Fair, efficient, and effective funding
The hope, the researchers say, is that DELPHI will offer a less-biased way to evaluate a paper's impact, as other measures such as citations and journal impact factor number can be manipulated, as past studies have shown.
"We hope we can use this to find the most deserving research and researchers, regardless of what institutions they're affiliated with or how connected they are," Weis says.
As with all machine learning frameworks, however, designers and users should be alert to bias, he adds. "We need to constantly be aware of potential biases in our data and models. We want DELPHI to help find the best research in a less-biased way—so we need to be careful our models are not learning to predict future impact solely on the basis of sub-optimal metrics like h-Index, author citation count, or institutional affiliation."

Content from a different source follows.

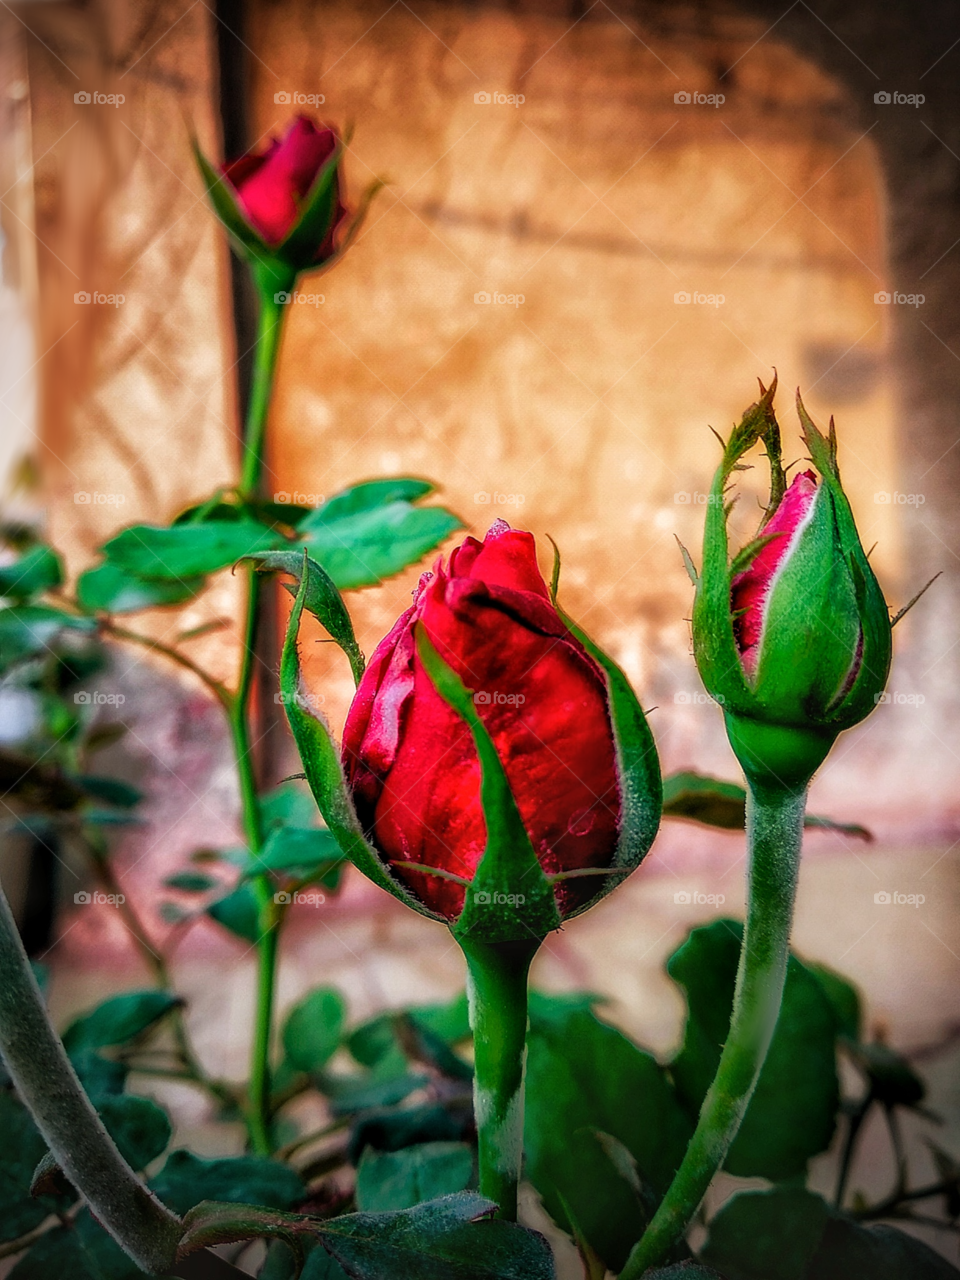 red rose beautiful

DELPHI could be a powerful tool to help scientific funding become more efficient and effective, and perhaps be used to create new classes of financial products related to science investment.
"The emerging metascience of science funding is pointing toward the need for a portfolio approach to scientific investment," notes David Lang, executive director of the Experiment Foundation. "Weis and Jacobson have made a significant contribution to that understanding and, more importantly, its implementation with DELPHI."
It's something Weis has thought about a lot after his own experiences in launching venture capital funds and laboratory incubation facilities for biotechnology startups.
"I became increasingly cognizant that investors, including myself, were consistently looking for new companies in the same spots and with the same preconceptions," he says. "There's a giant wealth of highly-talented people and amazing technology that I started to glimpse, but that is often overlooked. I thought there must be a way to work in this space—and that machine learning could help us find and more effectively realize all this unmined potential."